Fashion companies urged to avoid ‘greenwashing’ sustainability goals

Fashion companies around the globe have been urged to avoid ‘greenwashing’ as they “fall over themselves” to make sustainability claims. 

While retailers and labels like Sainsbury’s and Fat Face have publicly committed to cutting emissions across their operations by 2040 and 2025, respectively, GlobalData apparel correspondent Michelle Russell warns they risk accusations of ‘greenwashing’ when the real issue lies in the supply chain.  

Sainsbury’s and Fat face have joined a raft of global fashion firms signing up to initiatives such as the UN Fashion Charter and the Fashion Pact, or chartering their own course to hit sustainability goals.

Russell argues that while these commitments mark “a step in the right direction,” many of the companies who have signed up have been accused of greenwashing by spending more on marketing themselves as environmentally friendly than on reducing their environmental impact.

“The bulk of a company’s greenhouse gas emissions, for example, are generated in its supply chain, so brands need to be taking their supplier networks into account when setting out their pledges if they are to even come close to mitigating emissions.”

“It would be encouraging if more companies acted like Levi Strauss, which set targets in 2018 for reducing carbon emissions across its owned-and-operated facilities and global supply chain by 2025. Unfortunately, there many companies that aren’t in complete control of their whole business operations and visibility across the value chain is non-existent, or limited, at best,” says Russell. 

She adds that there is also the challenge of investment, which she believes is a huge factor holding brands back.

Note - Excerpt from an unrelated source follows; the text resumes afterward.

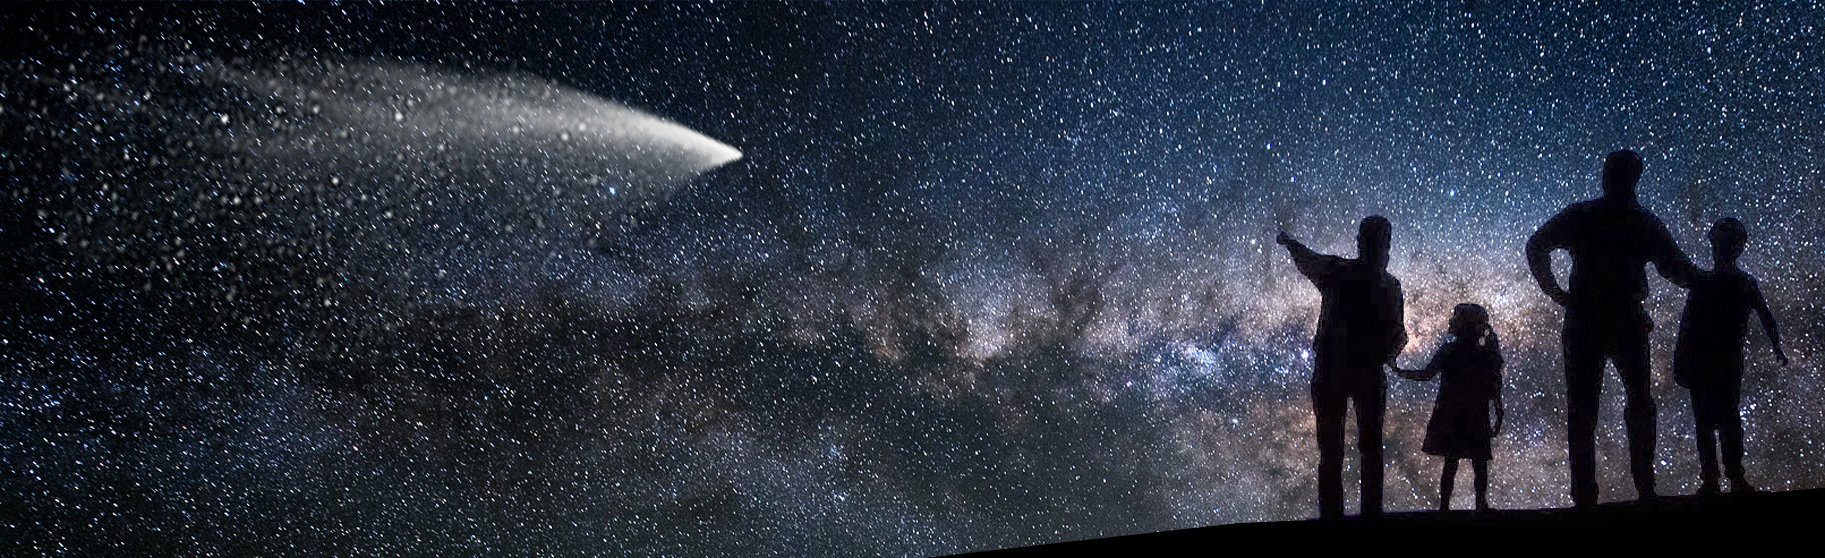 Landing on a Comet – 27th April 2006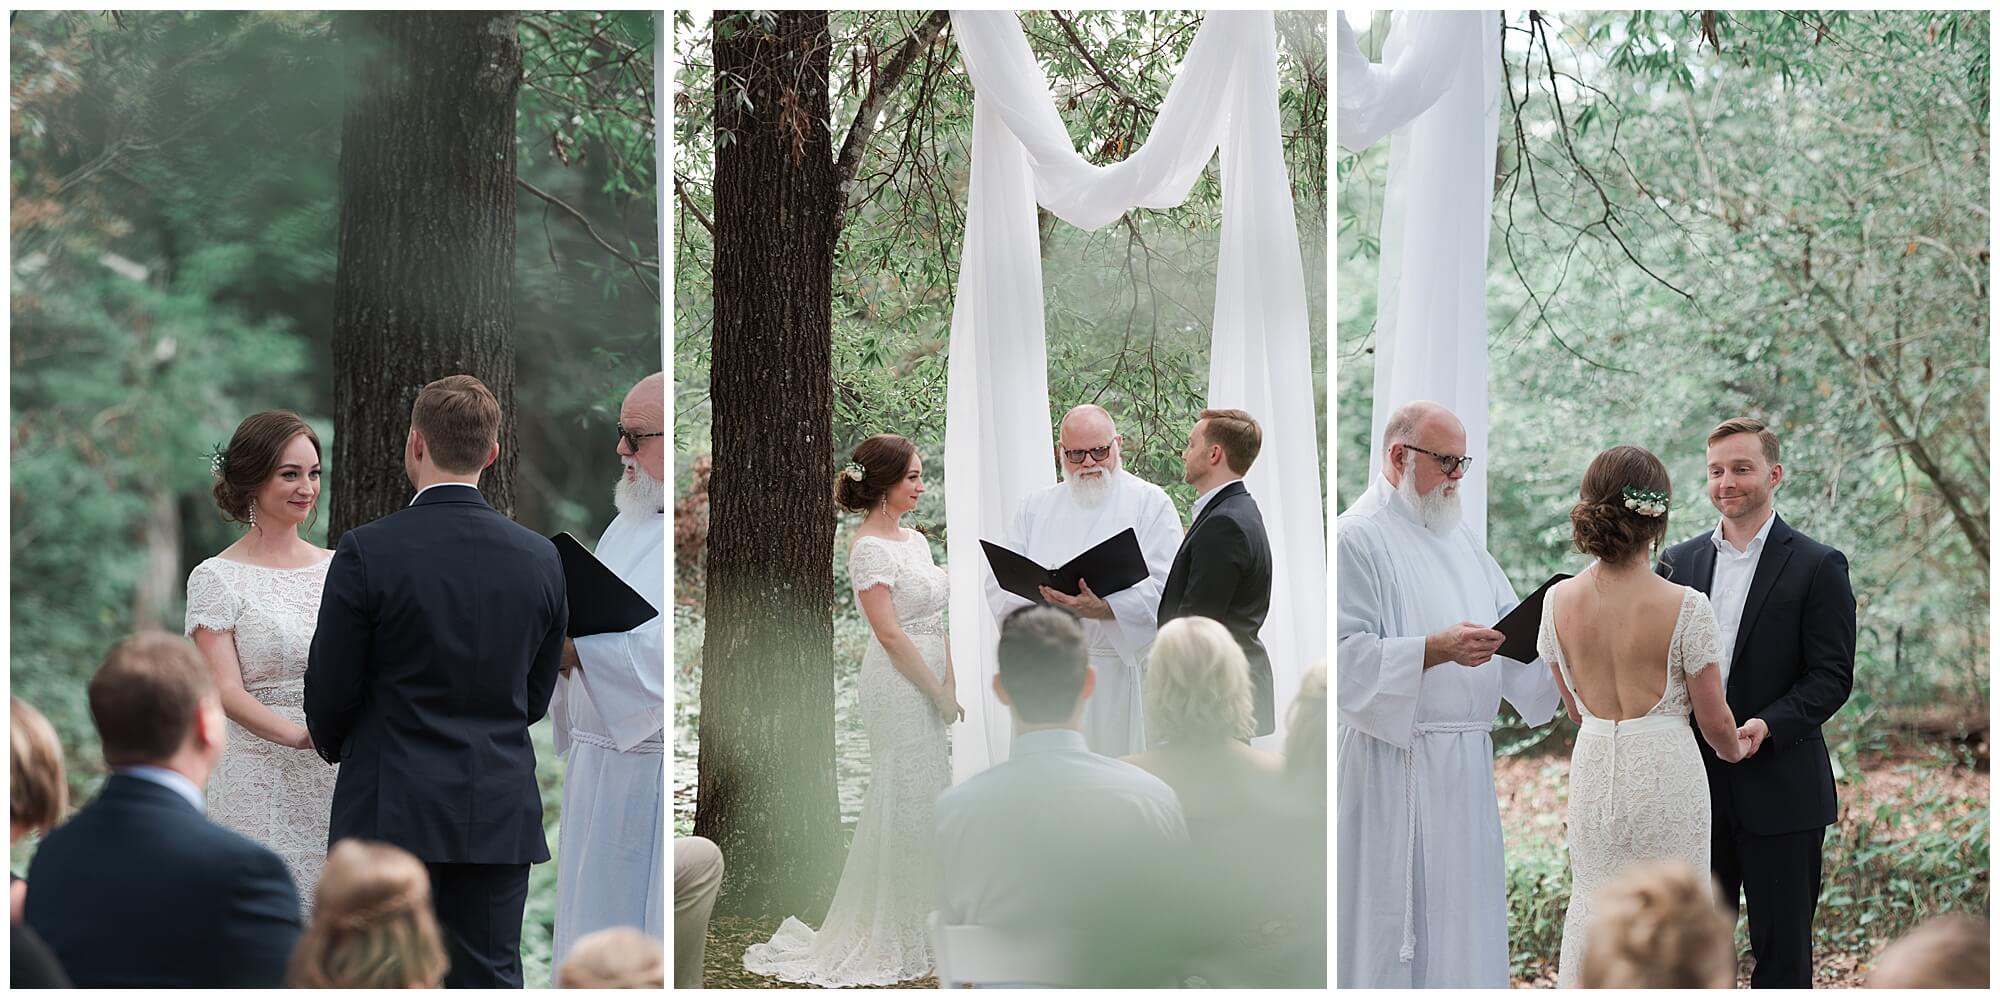 wedding ceremony at the Houston Arboretum in Houston Texas by wedding photographer Swish and Click

According to the Carbon Trust, as much as 80 per cent of a company’s total carbon impact lies outside its direct operational control making it hard to make verifiable claims about environmental progress.

“Gucci CEO Marco Bizzarri recently issued a cross-industry call to other CEOs to implement a “360-degree climate strategy,” taking “full responsibility and accountability” for the total greenhouse emissions generated by their business activities. 

“As such, he launched the ‘CEO Carbon Neutral Challenge,’ which covers both a company’s operations and its entire supply chain,” says Russell.

Another leader in sustainability is Maya Rommwatt, a fashion campaigner for environmental group Stand Earth. She argues that commitments such as the Fashion Charter are encouraging but don’t go far enough.

“To get really excited, we’d like to see signatories pledge to make deeper and faster emissions cuts aligned with a pathway to 1.5 degrees, which is what current science tells us we must be aiming for if we want to reduce the worst impacts of climate change. This would mean committing to reducing absolute climate pollution in their global supply chains by at least 40 per cent by 2025, setting specific renewable energy goals for their factories and mills, and pledging to avoid false solutions like reaching ‘carbon neutrality’ through mass carbon offsets.”